Background: Crimean-Congo haemorrhagic fever (CCHF) is a potentially fatal tick-borne infection. The virus is widely distributed around the world and reports of sporadic cases and outbreaks have recently increased significantly. Some authors have proposed that ribavirin improves survival in CCHF and this view appears to be widely accepted.
Methods: We evaluated the efficacy of ribavirin in reducing mortality by conducting a systematic review and meta-analysis. We included randomized controlled trials and observational studies that compared the outcomes of CCHF patients who were treated with ribavirin with those of patients that were not treated. The main endpoint we assessed was survival. We also evaluated secondary endpoints, i.e. adverse events, length of stay in the hospital, time taken for laboratory values to return to normal and requirement for blood products. A pooled estimate of the relative risks for survival from each study was obtained by using random effects models.
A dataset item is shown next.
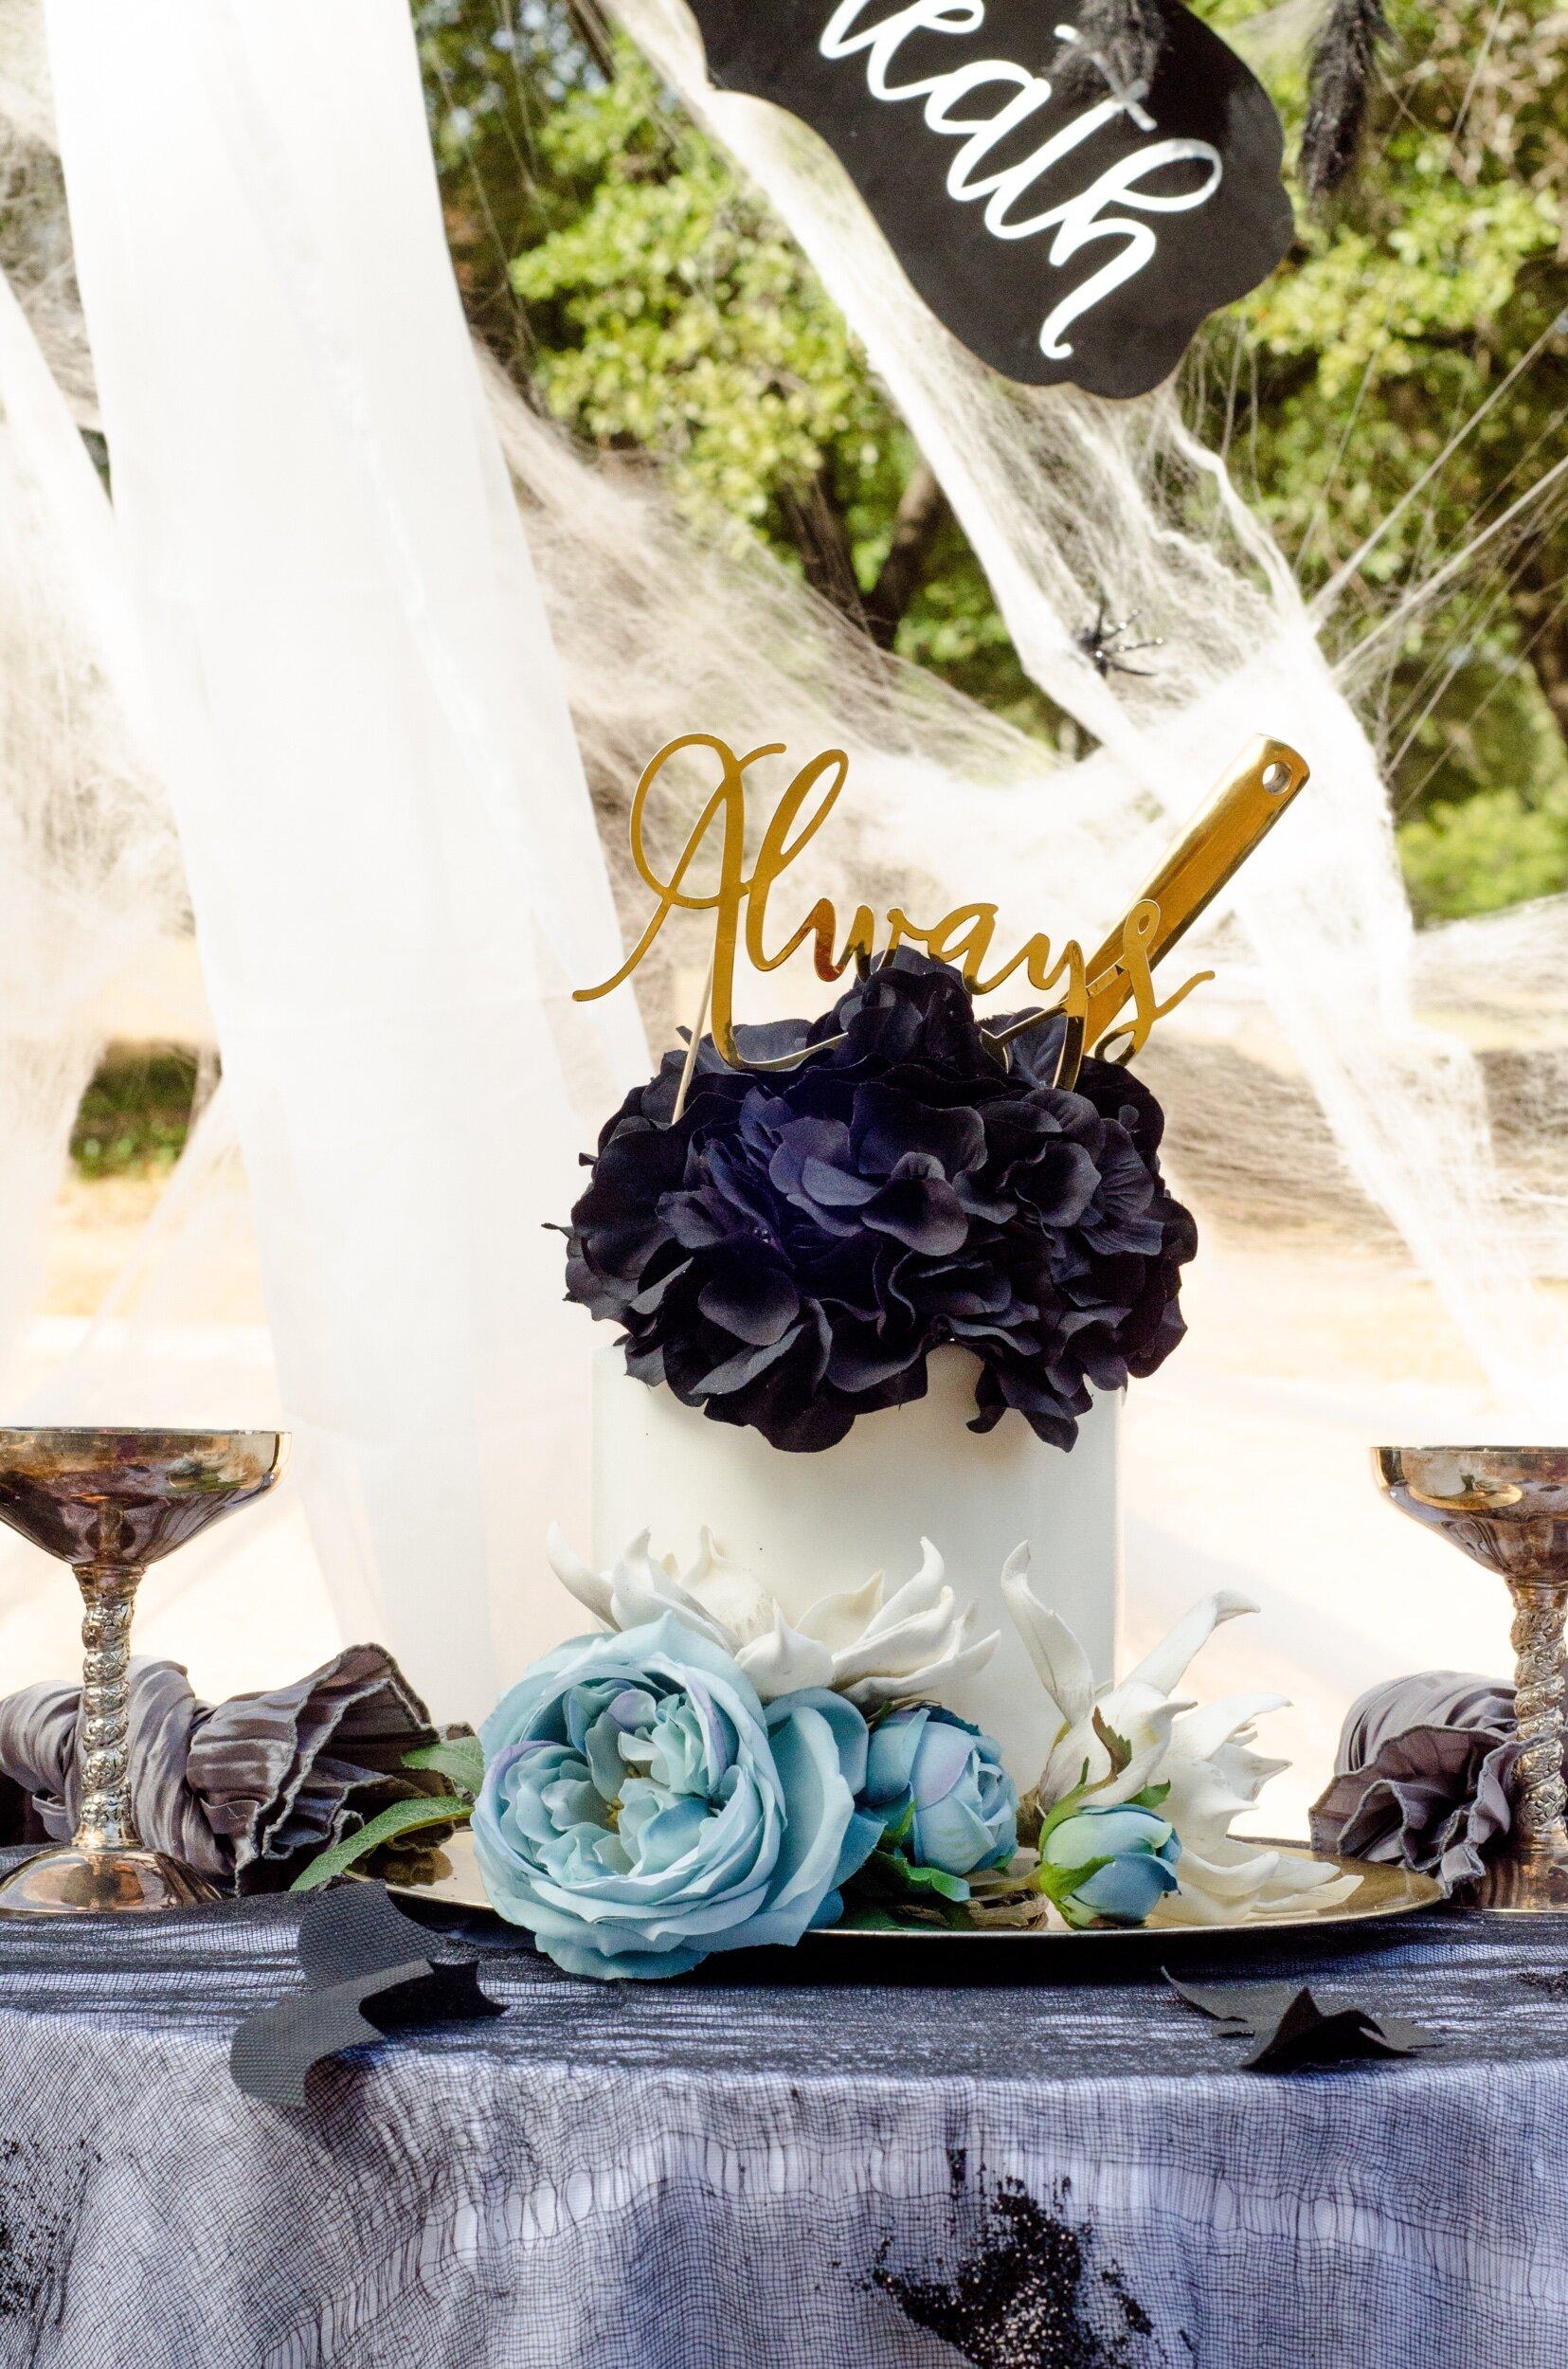 Gothic wedding cake idea for halloween weddings - as seen onMint Event Design

Results: One randomized controlled trial and seven observational studies met our inclusion criteria. Most observational studies suffered from different types of bias due to inappropriate selection of controls. Compilation of data from all included studies showed that ribavirin did not improve survival in CCHF (relative risk 1.06, 95% confidence interval 0.97-1.16). Analysis of secondary endpoints did not suggest a clinically significant beneficial effect either.
Conclusions: Our systematic review and meta-analysis revealed that the available data in the literature are inadequate to support a claim of efficacy of ribavirin in CCHF. We believe a real uncertainty exists over the benefit of ribavirin in the treatment of CCHF, which necessitates the urgent conduct of a randomized placebo-controlled trial.